Pallapalayam is a panchayat town in Perundurai taluk of Erode district in the Indian state of Tamil Nadu. It is located in the north-western part of the state. Spread across an area of 16.11 km2, it had a population of 7,263 individuals as per the 2011 census.

== Geography and administration ==
Pallapalayam is located in Perundurai taluk, Erode division of Erode district in the Indian state of Tamil Nadu. Spread across an area of 16.11 km2, it is one of the 42 panchayat towns in the district. It is located in the north-western part of the state.

The town panchayat is headed by a chairperson, who is elected by the members, who are chosen through direct elections. The town forms part of the Perundurai Assembly constituency that elects its member to the Tamil Nadu legislative assembly and the Tiruppur Lok Sabha constituency that elects its member to the Parliament of India.

==Demographics==
As per the 2011 census, Pallapalayam had a population of 7,263 individuals across 2,164 households. The population saw a marginal increase compared to the previous census in 2001 when 6,505 inhabitants were registered. The population consisted of 3,624 males	and 3,639 females. About 508 individuals were below the age of six years.

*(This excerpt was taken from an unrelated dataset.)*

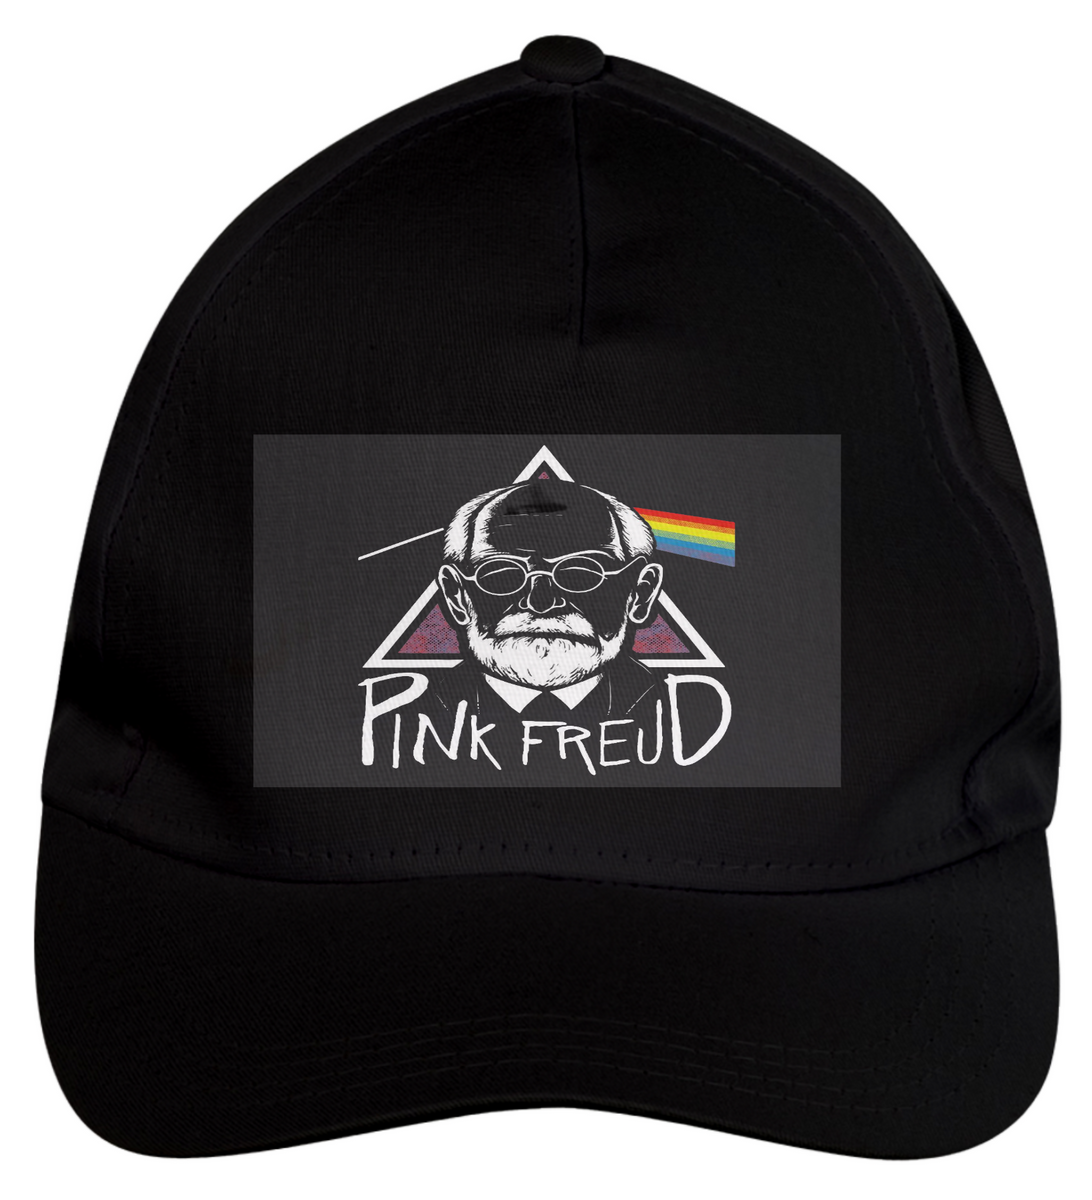 Nome do produto: Pink Freud

The entire population is classified as urban. The town has an average literacy rate of 65.6%. About 19.6% of the population belonged to scheduled castes.

About 62.1% of the eligible population were employed, of which majority were involved in agriculture and allied activities. Hinduism was the majority religion which was followed by 90.5% of the population, with Christianity (9.2%) and Islam (0.1%) being minor religions.